Abandono escolar

de la hagiografía producida estos días en torno al fallecido Alfredo Pérez. Rubalcaba me quedo con la procedente de fuentes ajenas al socialismo, que, como es lógico, no ha visto más que luces en su referente y compañero político. 
Me quedo, pues, con la versión de un Rubalcaba brillante, de mente rápida, verbo certero y demagogia escasa; discreto y afable; implacable en el debate, pero constructivo en la negociación. Sabía lo que quería y lo defendía –han dicho de él– con ahínco y argumentos, pero con inteligencia suficiente para saber que, cuando negocias, nunca puedes ganar por diez a cero. Contaba con un discurso sólido que merecía ser escuchado.
Un personaje, en definitiva,  que sobre todo supo ser leal y discreto cuando de asuntos de Estado se trataba y que supo, por tanto, distinguir entre partido e intereses superiores. En este sentido, las mismas fuentes han subrayado el talento con que gestionó desde la oposición asuntos como la abdicación del rey Juan Carlos y la proclamación de don Felipe. 

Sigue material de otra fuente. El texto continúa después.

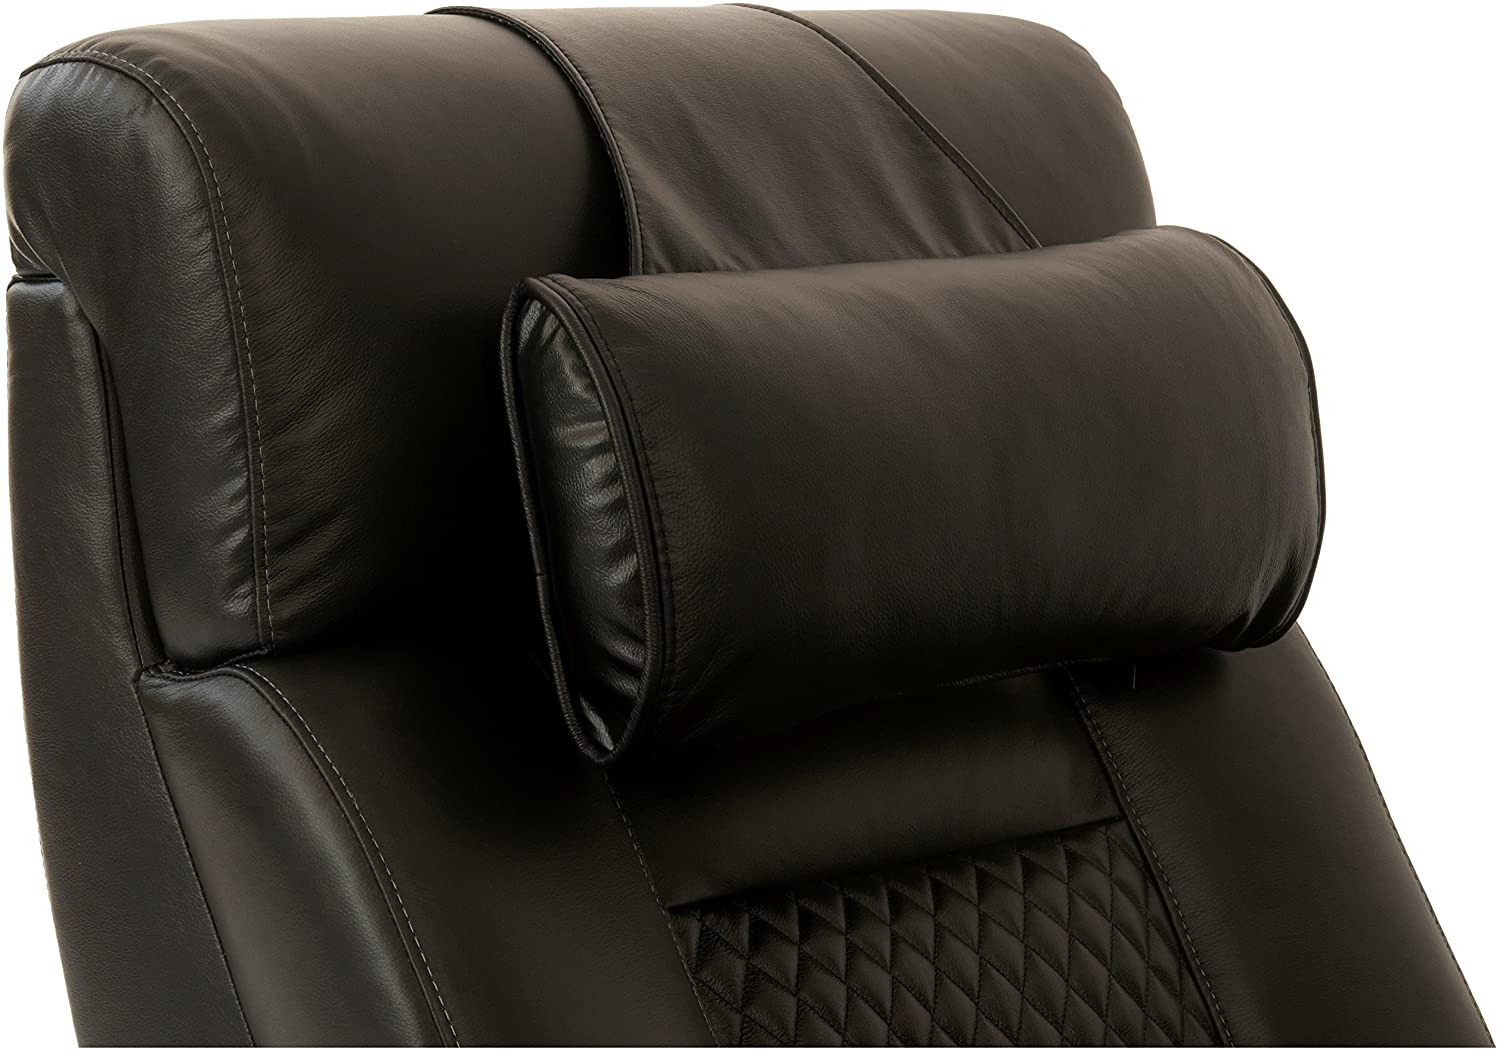 Octane Seating Octane Black Leather Recliner Neck Pillow
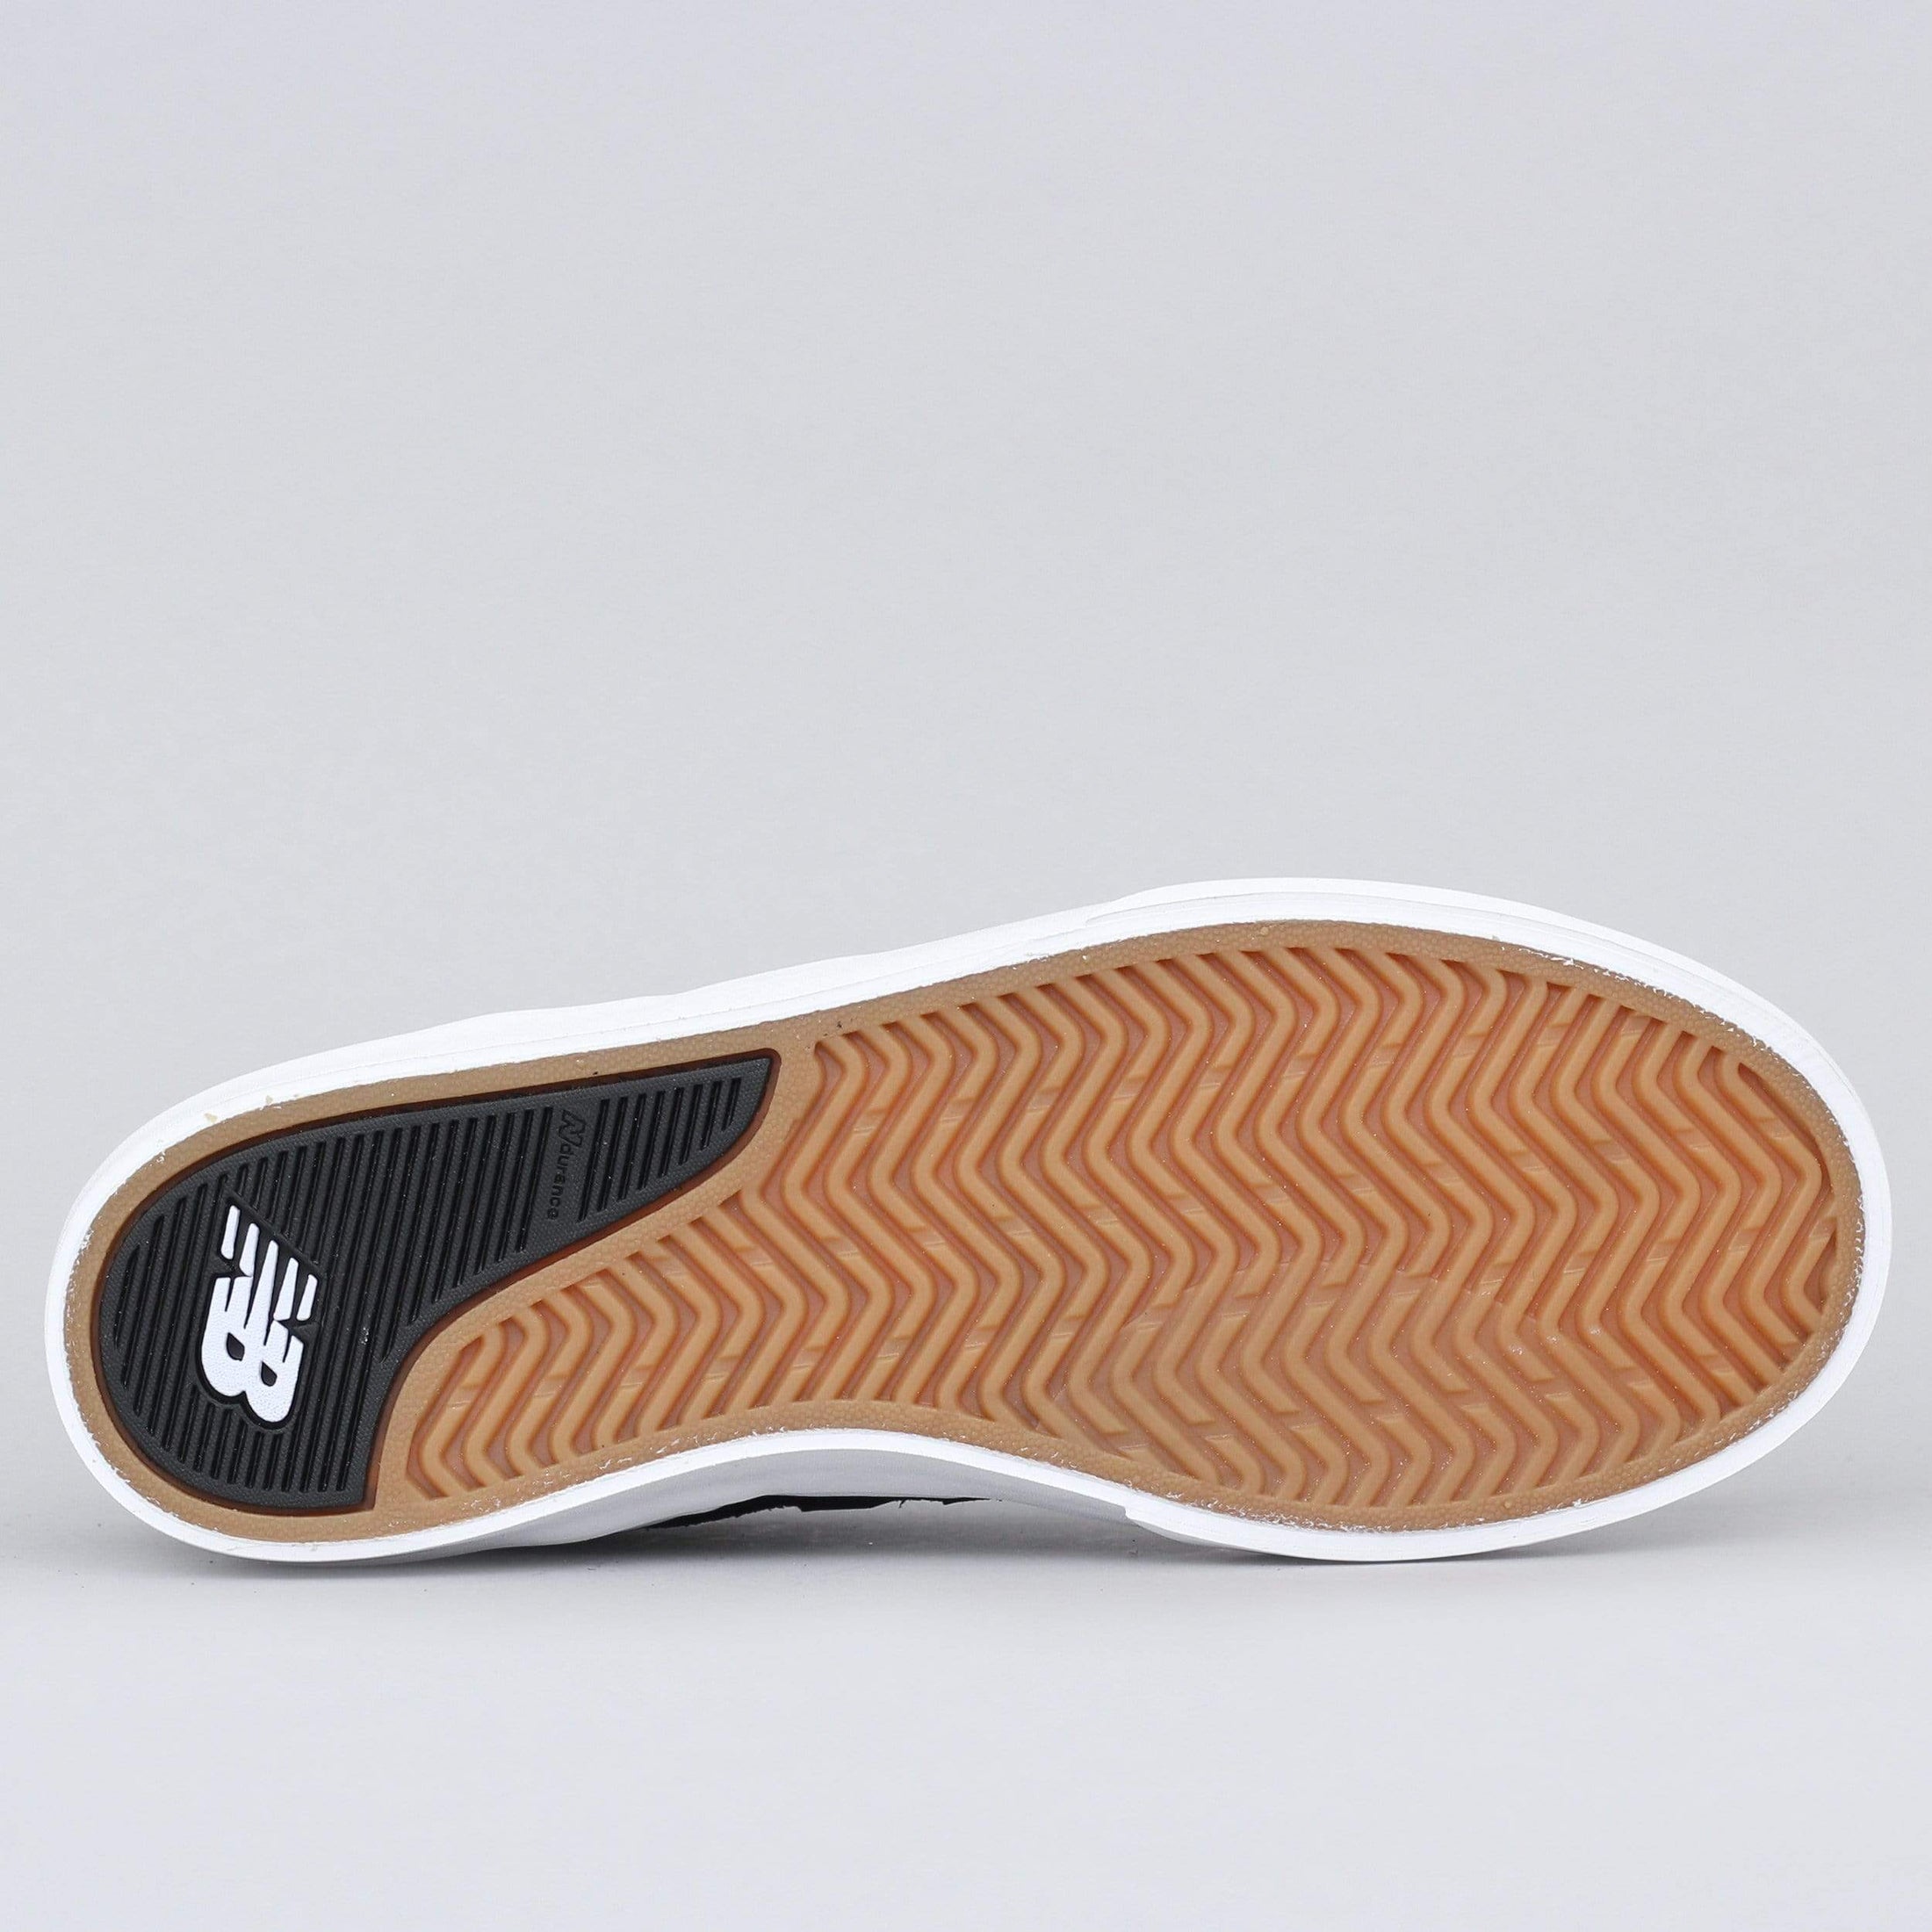 New Balance 379 Shoes Black / White

El expresidente Rajoy le ha despedido como a un compañero, más que como a un rival. Y ha escrito que con su marcha la vida pública española ha perdido quilates de brillantez. A su juicio, Rubalcaba respondía a un modelo de político ahora en desuso: ni vivía obsesionado por la imagen ni se perdía por un regate de plazo corto. 
Pero habiendo sido como fue uno de las personalidades más importantes de la reciente historia de España, tuvo también sus sombras. Y entre ellas, para mí, la gestión que desde las filas opositoras hizo de las horas siguientes a los atentados del 11-M y en la jornada electoral de reflexión previa a las elecciones de 2004. 
Su proclama televisiva de que los españoles no se merecían “un Gobierno que miente” fue la pólvora que alimentó el acoso a las sedes del PP y que abrió el camino al triunfo de Rodríguez Zapatero en las urnas. Aquellas horas, cuando tanta sangre y tanto dolor estaban todavía calientes, la refriega política subsiguiente debió haber quedado para otro momento. Aquél debió ser tiempo de unidad. No es de extrañar que José María Aznar haya sido el gran ausente en los homenajes de estos días.
Desde otra perspectiva y comprendiendo el dolor que al partido le puede haber producido la pérdida de un referente como Rubalcaba, habrá que decir también que el socialismo ha vuelto a ser excesivo, como suele, con sus muertos preclaros. Por fortuna, no han hecho con él como con el alcalde Tierno Galván, cuyo féretro pasearon en carroza funeraria por la Gran Vía madrileña. Los tiempos son otros. 
De todas formas no está de más preguntarse cómo se comportarán con Felipe González cuando –Dios no lo quiera– le llegue el momento, pues no hay que olvidar que el ahora fallecido fue todo, pero no presidente del Gobierno.